Hello,
I have lot of "VM Write latency" on a new vSAN infrastructure :
Actually, the no traffic on the infrastructure.
I use this command to generate benchmark :
[root@a ]$ dd if=/dev/zero of=/test_io/test-24Go bs=1G count=24 iflag=fullblock oflag=direct;
24+0 records in
24+0 records out
25769803776 bytes (26 GB, 24 GiB) copied, 45.7959 s, 563 MB/s
The VM where I launched the command is configured like this :
The graphs :
On the backend :
Host network :
If I configure the VM in RAID 0, I have no issue and it's more fast :
[root@a ]$ dd if=/dev/zero of=/test_io/test-24Go bs=1G count=45 iflag=fullblock oflag=direct
45+0 records in
45+0 records out
48318382080 bytes (48 GB, 45 GiB) copied, 63.9457 s, 756 MB/s
Any idea ?
What about the network configuration?
Everything is in 10G with LACP and Jumbo frame.
VM-ADMIN and vMotion distributed switch :
vSAN Distributed Switch :
VM (Trunk) distributed switch (no jumbo Frames) :
Hi enclume. I've some questions:
lucasbernadsky :
See my first post, when I switch to Raid 0, I have better performances.
Yes VMware Tools are installed and running. It's not VMware tools from VMware, it's from Centos repository open-vm-tools-11.0.5-3.el8.x86_64 but normally there is no problem with that.
If you look my last post, I have 3 switchs to sperate traffic (vSAN, vMotion+MGMT, Trunk).
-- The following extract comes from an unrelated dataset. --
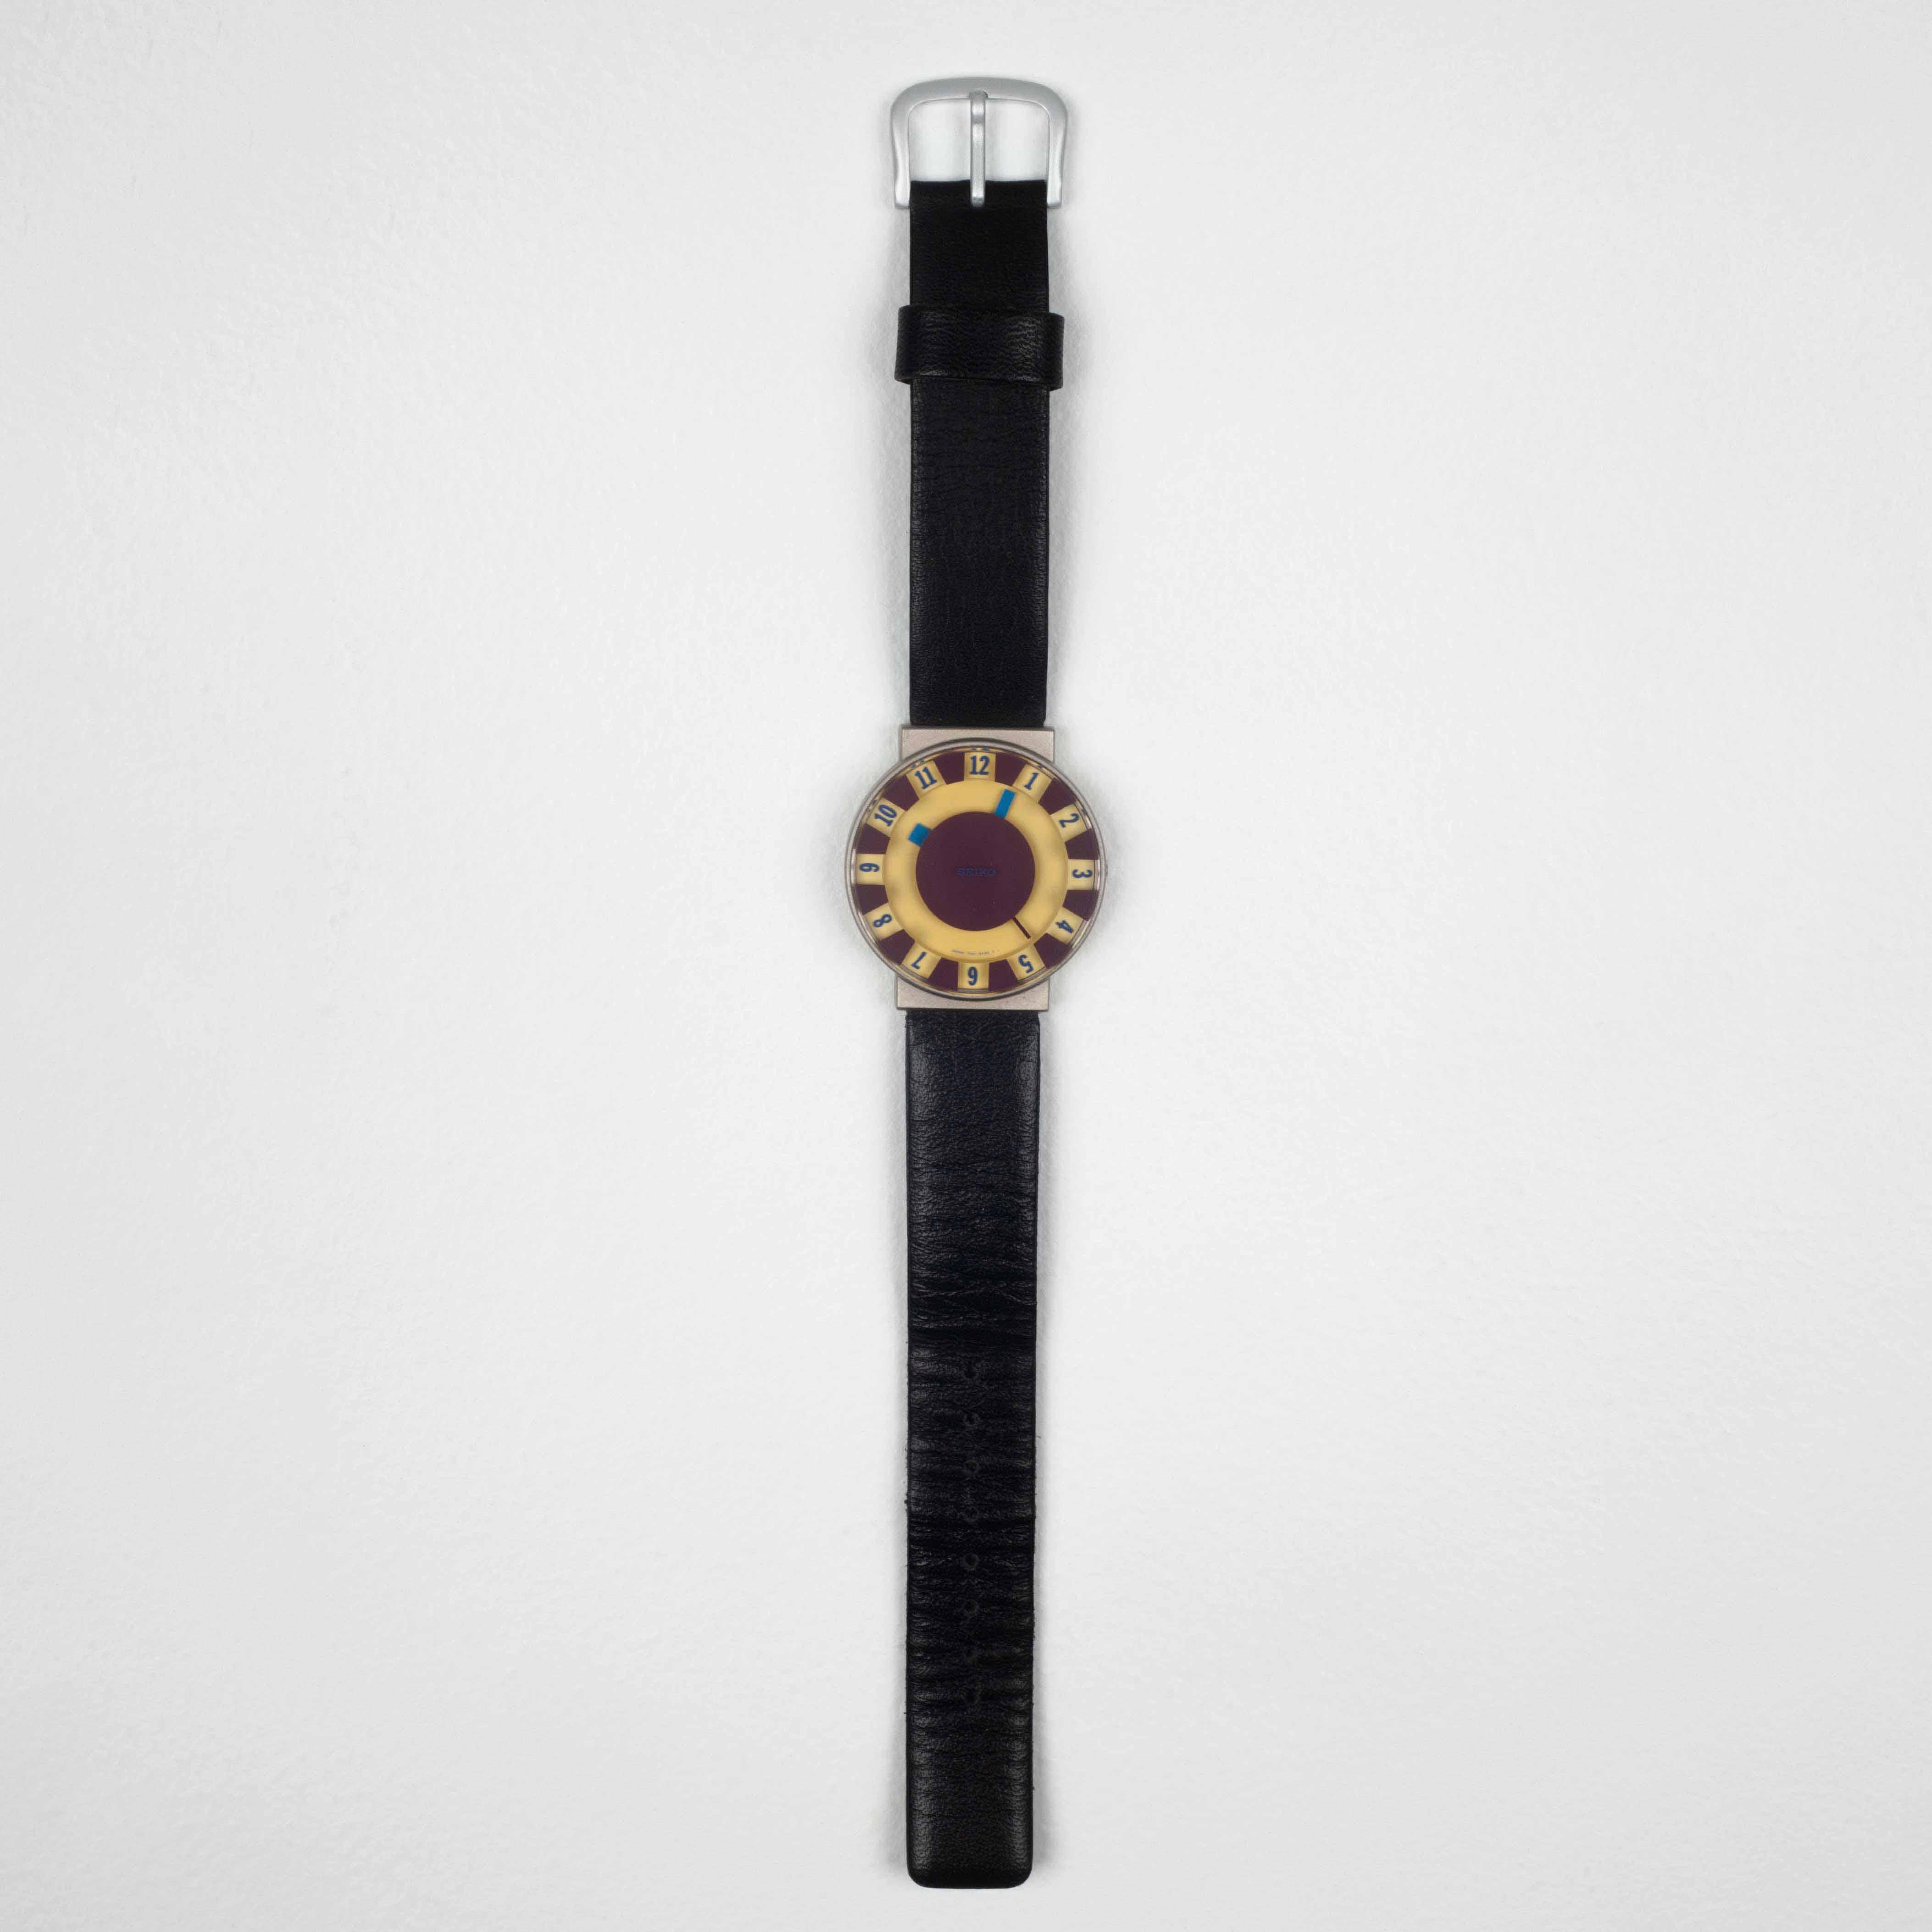 Stainless Steel Ettore Sottsass Watch, Collection Sottsass for Seiko, Japan, 1993

Yes. Our 's Poweredge R740xd work with "PERC H730P" and they have the last firmware (25.5.7.0005). Server is up to date too (Bios, iDrac, ...)
Yes, but "dd for windows" is very slow and doesn't did the same benchmark for me. I tried CrystalDiskMark and the result is :
But no latency on VMware graphs.
Yes I can run proactive tests. I ran "VM Creation Test" and "Network Performance Test" successfully for example.
No, evreything is greeen.
We launched a lot of iperf3 command to validate sucessfully LACP between ESX. Also When I ran the "dd command", We have saw 200 MB/s of traffic on only one interface. It's less than 10 Gb and only one interface is used, also we excluded a LACP issue...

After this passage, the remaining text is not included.